Pesquisou-se no MEDLINE, Cochrane Central Register of Controlled Trials (CENTRAL), Web of Science e Scopus usando os termos (“rivaroxaban” OR “apixaban” OR “dabigatran” OR “edoxaban” OR “heparin” OR “enoxaparin”) e (“SARS-CoV-2” OU “COVID” OU “coronavírus” OU “COVID-19”) e (“randomizados” OU “ensaios clínicos”), sem restrições de data ou idioma. Os autores não encontraram nenhum ensaio clínico randomizado publicado que avaliasse os efeitos da anticoagulação terapêutica nos desfechos clínicos em COVID-19.
Valor agregado deste estudo
O estudo foi o primeiro ensaio clínico randomizado com um tamanho de amostra calculado para avaliar o efeito do uso terapêutico de um anticoagulante oral sobre os resultados clínicos em pacientes hospitalizados com COVID-19 e concentração elevada de dímero D em comparação com anticoagulação profilática.
Os resultados do presente estudo mostram que, em pacientes hospitalizados com COVID-19 e níveis elevados de dímero D, a anticoagulação terapêutica com rivaroxaban em pacientes clinicamente estáveis e heparina em pacientes clinicamente instáveis não melhorou os desfechos clínicos ou reduziu o óbito e aumentou o sangramento quando comparada à tromboprofilaxia com heparina.
O protocolo e plano de análise estatística foram tornados públicos e registrados antes do fechamento do banco de dados, e o estudo foi desenhado para minimizar o viés usando um protocolo pragmático que foi estritamente seguido. Todos os resultados clínicos, incluindo sangramento e eventos trombóticos, foram julgados sistematicamente e centralmente por um comitê de eventos clínicos cujos membros foram mascarados para atribuição de tratamento.
Os autores forneceram descrições claras e detalhadas de parâmetros clínicos e definições de resultados clínicos. Portanto, o estudo forneceu evidências de alta qualidade para orientar a prática clínica em um campo onde a maioria das decisões médicas foram feitas com base em evidências de baixa qualidade.
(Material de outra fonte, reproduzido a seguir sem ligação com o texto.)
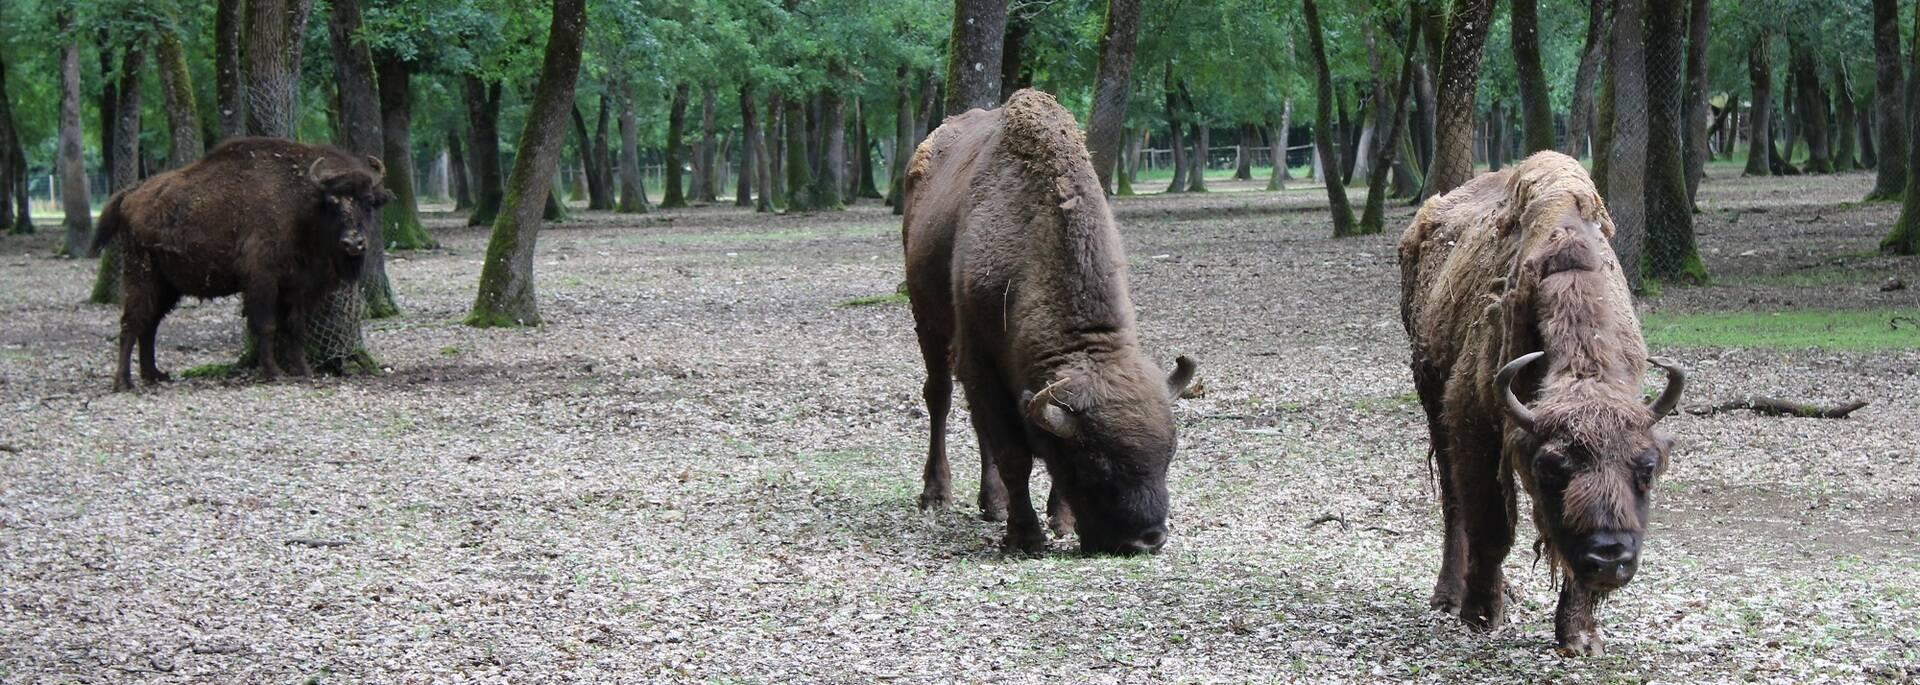 Bisons d'Europe au Zoodyssée - ©P.Migaud / FDHPA17

Implicações de toda evidência possível
Ao contrário do que foi demonstrado em dados preliminares com o uso de heparinas, o estudo mostrou que uma estratégia que utiliza principalmente um anticoagulante oral em dose terapêutica não resultou em melhora clínica em pacientes com COVID-19 hospitalizados.
Como a abordagem de anticoagulação mais favorável durante a hospitalização ainda não está definida e muitas estratégias não autorizadas e não baseadas em evidências têm sido usadas, os resultados ajudarão os médicos no processo de tomada de decisão ao tratar pacientes neste ambiente clínico.
Financiamento: Coalizão COVID-19 Brasil, Bayer SA.